In the past couple of years, multi-well plates in a 384 tube, 16.times.24 array format, have appeared on the laboratory scene in an attempt to offer to the researcher or clinician the ability to multiplicatively increase the processing capability for the assay or reaction process that is being carried out. These new 384-well plates have the same general dimensions or "footprint" as the standard 96-well plates, but have four wells occupying the same space as a single well (and associated cross-webbing) in a 96-well plate.
The 384-well plates which are currently available may be of a design similar to standard 96-well plates, wherein discrete tubes are present but in which the tubes have smaller diameter tube openings (and a correspondingly smaller center-to-center tube spacing as well). They may also be in a form such as the 384-well plate design currently offered by Nunc, Inc. of Naperville, Ill., wherein square "tubes" are provided with each "tube" sharing the walls of its neighbors in contiguous fashion.

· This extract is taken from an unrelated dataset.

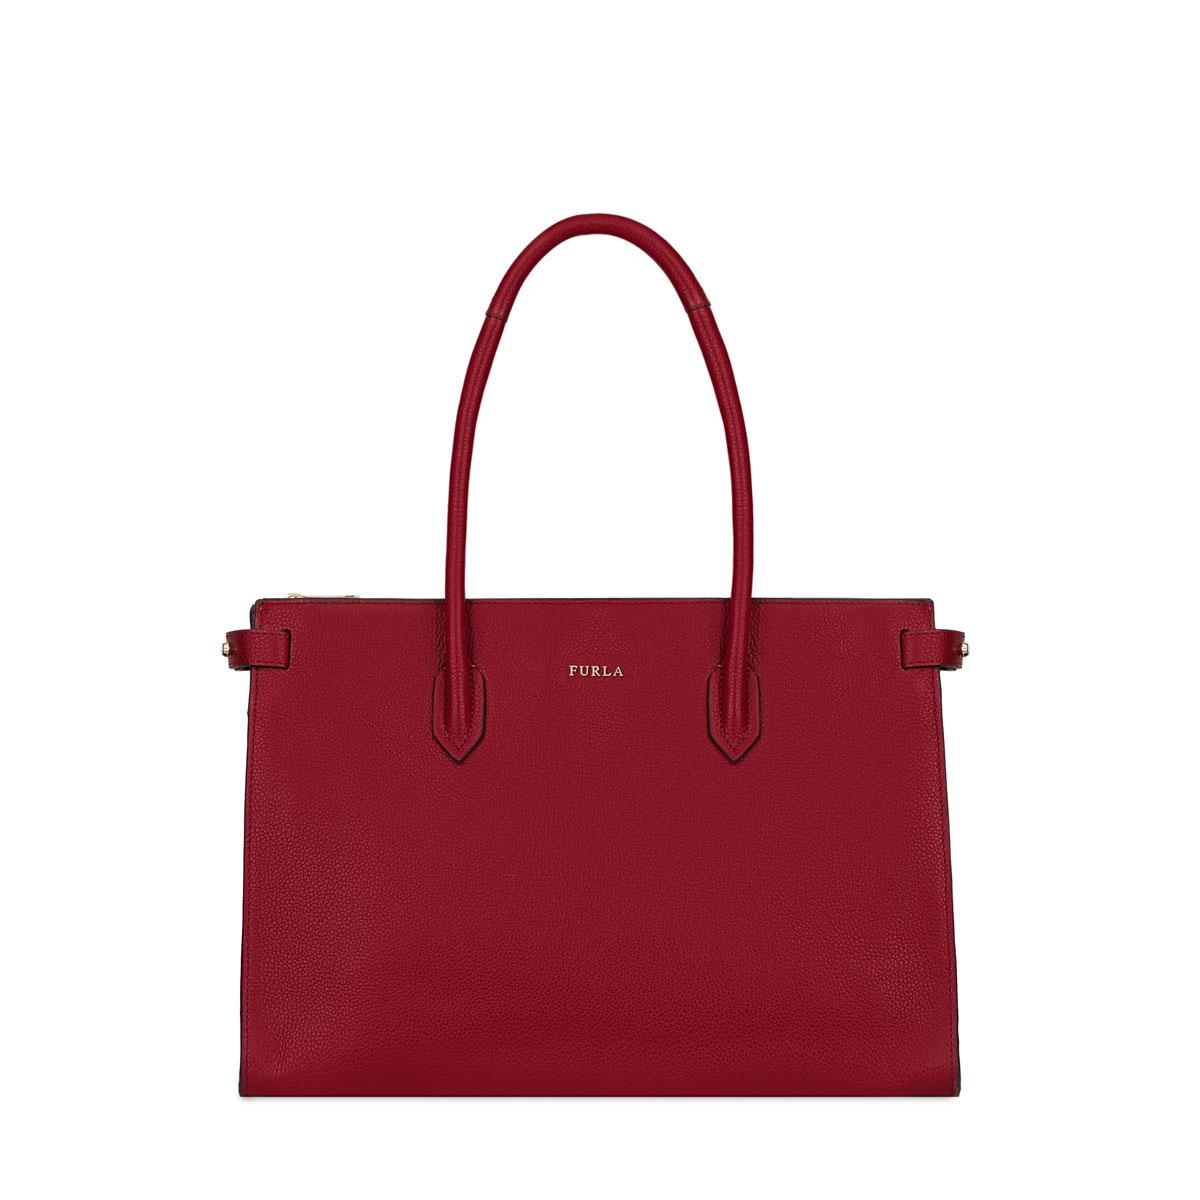 Furla Pin tote shoulder bag M calf leather Cherry.
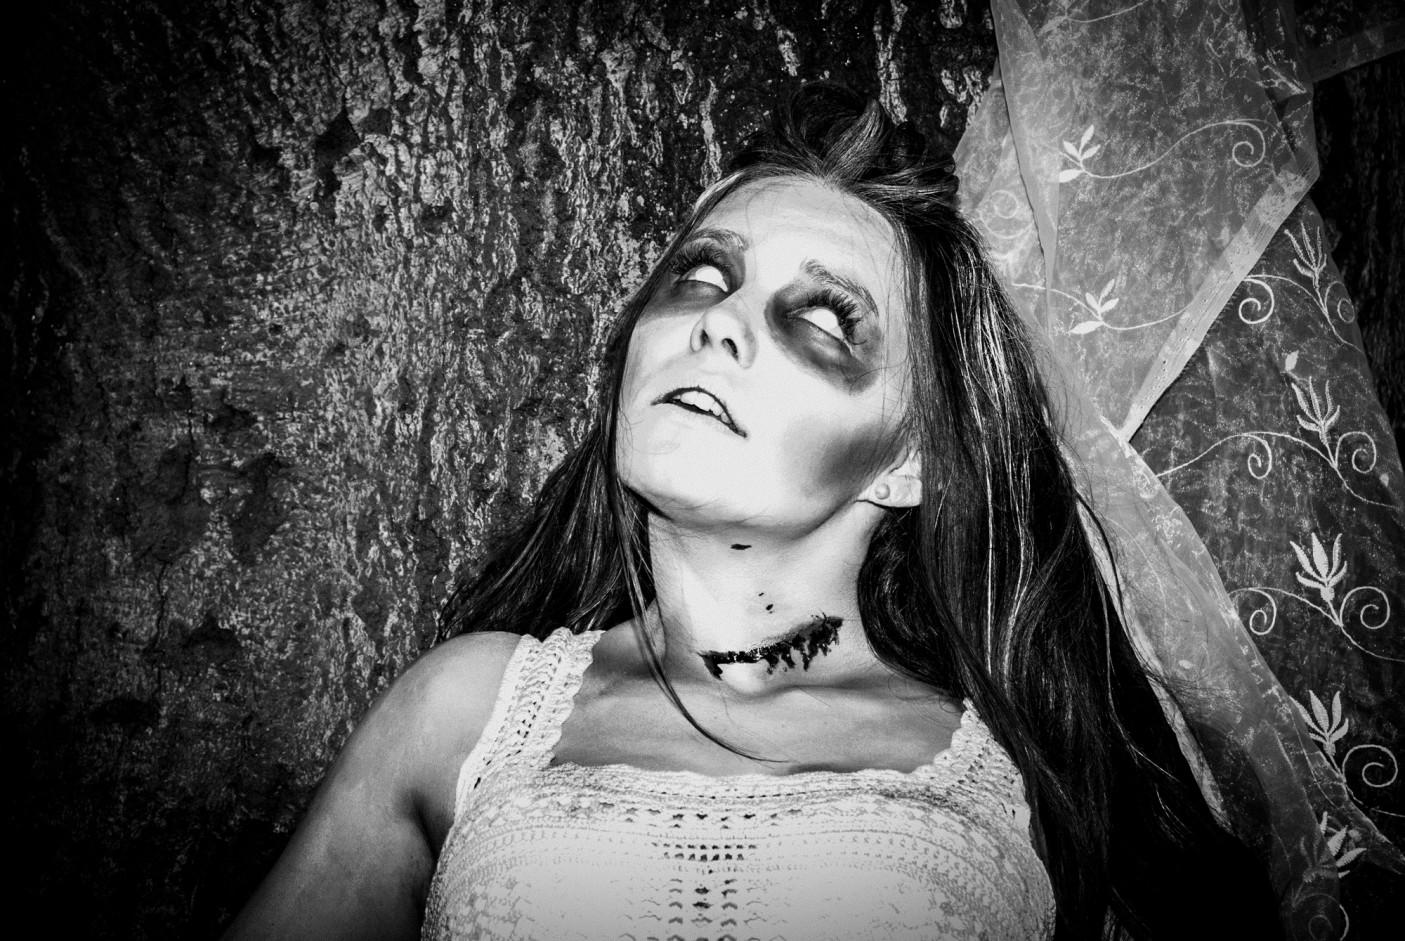 Daria halloween (31 of 50)

The new 384-well plates do offer advantages in that sample density is quadrupled, and these plates, having the same footprint as the 96-well plates, are compatible with a number of existing devices, including heating blocks for incubation purposes, microplate readers, and various robotic systems. The 384-well plates also optimize bench top and storage space, especially with regard to the extended storage of samples in refrigerator and freezer space, such space generally being in limited supply in most laboratories and clinics.
There is at least one area in particular, however, where the 384-well plates as are presently known are severely deficient, and that is with regard to PCR thermal cycling. Currently available 384-well plates are not compatible with the depression design found in existing (96 format) PCR heating blocks. As noted above, PCR heating blocks are specifically designed to hold and heat tubes that are arrayed 96 in number. Thus, with regard to PCR testing, it is still necessary to employ more than one 96-well plate in sequential fashion for evaluation of more than 96 samples. Only very recently has any manufacturer marketed a 384-well thermal cycler. As it presently stands, if a laboratory or clinic wishes to have available the option to simultaneously treat more than 96 samples, it must purchase the new 384-well design thermal cycler or a new 384 depression heating block for an existing unit or, of course, purchase more than one 96-well thermal cycler. All of these options are expensive and, in the latter case, additional precious laboratory space is consumed by yet another instrument.
Because of the limitations associated with presently available multi-well plates which offer more than 96 wells, a great need still exists for a multi-well plate that is capable of providing a multiplicatively increased number of sample wells greater than 96, but which retains a standard 96-well plate footprint and yet is also suitable for use in conjunction with the 96-depression heating blocks of existing thermal cyclers.